Each handler needs to be given an object that acts as its store.

The benefit is that we can write a lightweight store like UnbackedStore which will simply hold data for the running of the program. This allows good automated testing.

This could be a bit like a Hibernate interface, in that the object can be switched under the handler code without any impact. But I'm not sure here, I've never used Hibernate.

The Store API

The uncertain part for me today is figuring out the store API.

These requirements:

  1. every entity has its own unique, persistent ID
  2. every referring entity holds the ID of any interesting entities (my member holds the ID list for all my assurances)

means that the entire database can be modelled as a network or graph. (We'd need some implementation details: a starting point, an object that is simply a list of references, such as "list of all members," and perhaps an index list, such as "all certs and their members.")
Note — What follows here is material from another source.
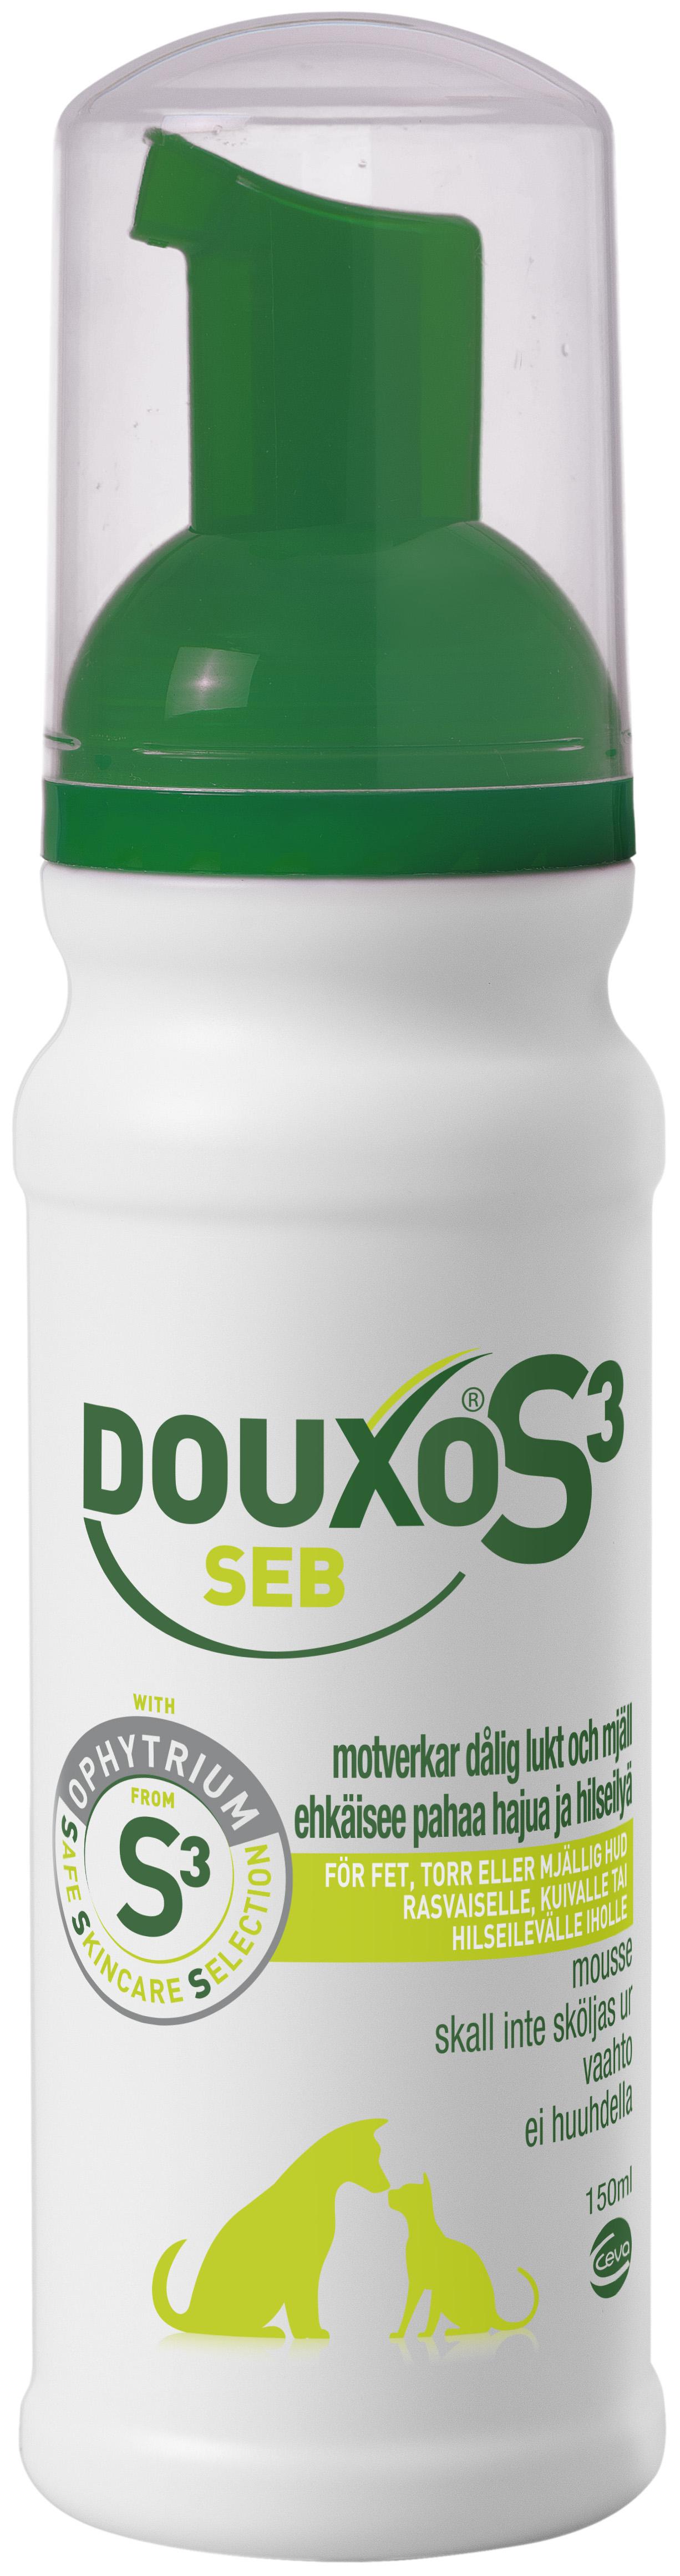 Seb Mousse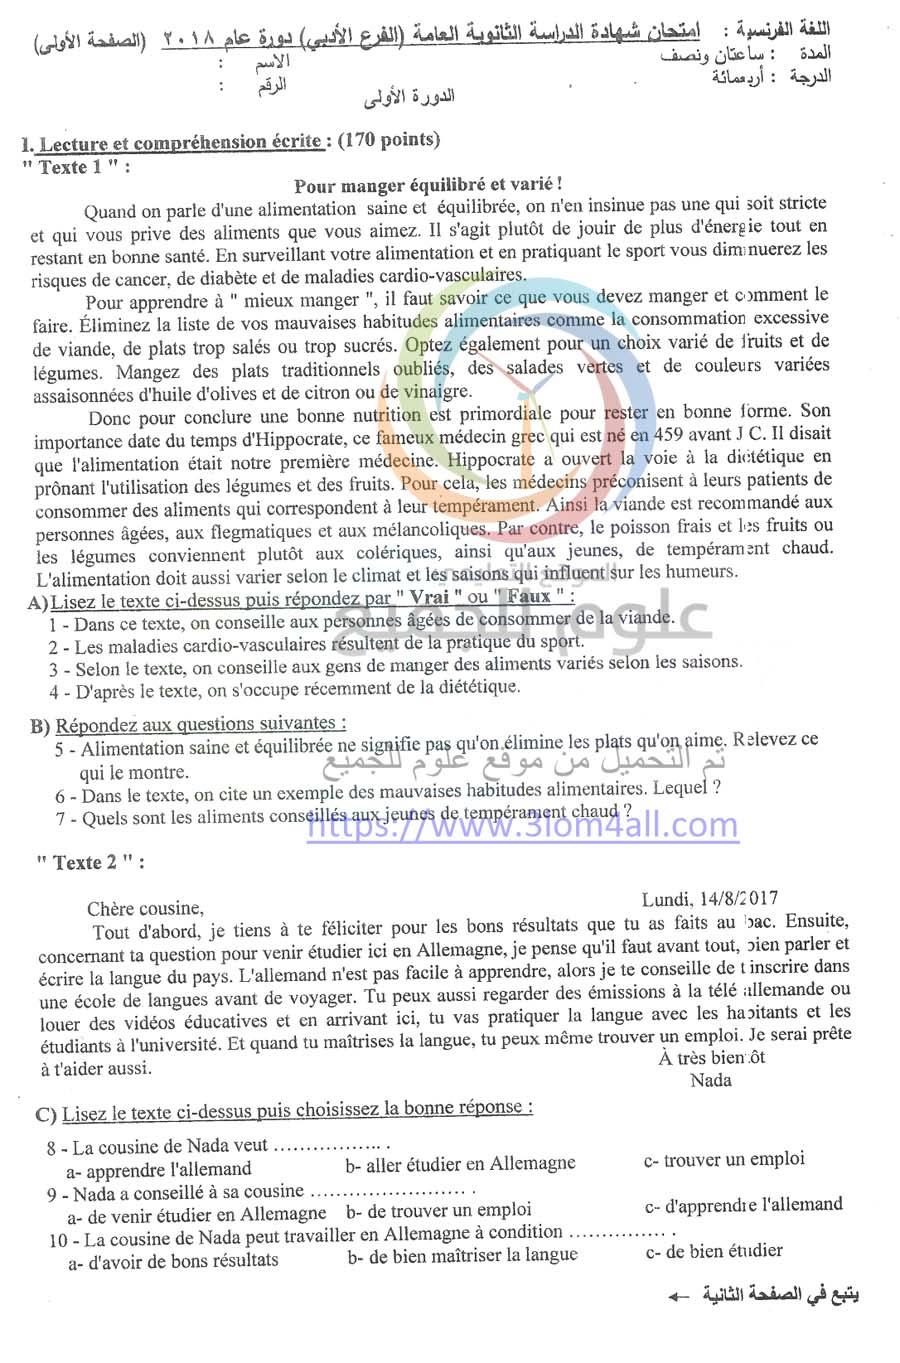 ورقة اسئلة اللغة الفرنسية الدورة الأولى البكالوريا الادبي 2018 مع الحل

The implication of this is that we can use an object database that simply does that: store objects, and get them indexed by ID. This has quite solid advantages because it (a) matches the OO style, and (b) matches the REST style. And perhaps (c) it is what I did in my last project, and (d) I have an ODB (object database) that does precisely that.

It has the oddity that we can't do selects any more. Something to think about later.

But I'm a bit cautious of going too far along this path. At the moment I see the trick here is to design the store API such that it can reasonably easily handle both models: OO and SQL. Right now, store/ResourceInferface looks ODB only. Also, I'd like to see Hibernate modelled in code, so I can understand its assumptions.


The Model is mostly the same. There are two differences:

Firstly, I've changed the Id to be Rid, our own defined object. I'm pretty convinced we'll need to modify our Id in time... Currently, it is just "hasAString".

Import / Export

We need some way to recover and export the objects into text. Especially for REST, also for the storage in various forms (ODB, Tx and error logging), and for any internal messaging. Preferably this is the same way for all uses. If this is possible then the easiest way might be an interface with input / output in the BirdShackObject. If not, we need some mess of Factories, one for each layout, likely.

There appear to be these options:

  1. XML. Blech.
  2. JSON. OK.
  3. Serialize. Does not guarantee robust semantics over time, it's not meant for persistance, and can break between versions. It's also not easy to examine and prove, for security reasons.
  4. Externalize. Not sure?
  5. Custom. Has a higher load on clients, but ensures better security.

If we can agree on one method for external transport in REST, like JSON, then it might be simple. To that end, I've added an externalise paramater called prepareForFlight(). (Yes, the name can change.) Comes with a constructor like Class(String flight); But this all depends on above, I've not added any JSON code as yet (and don't know how..............).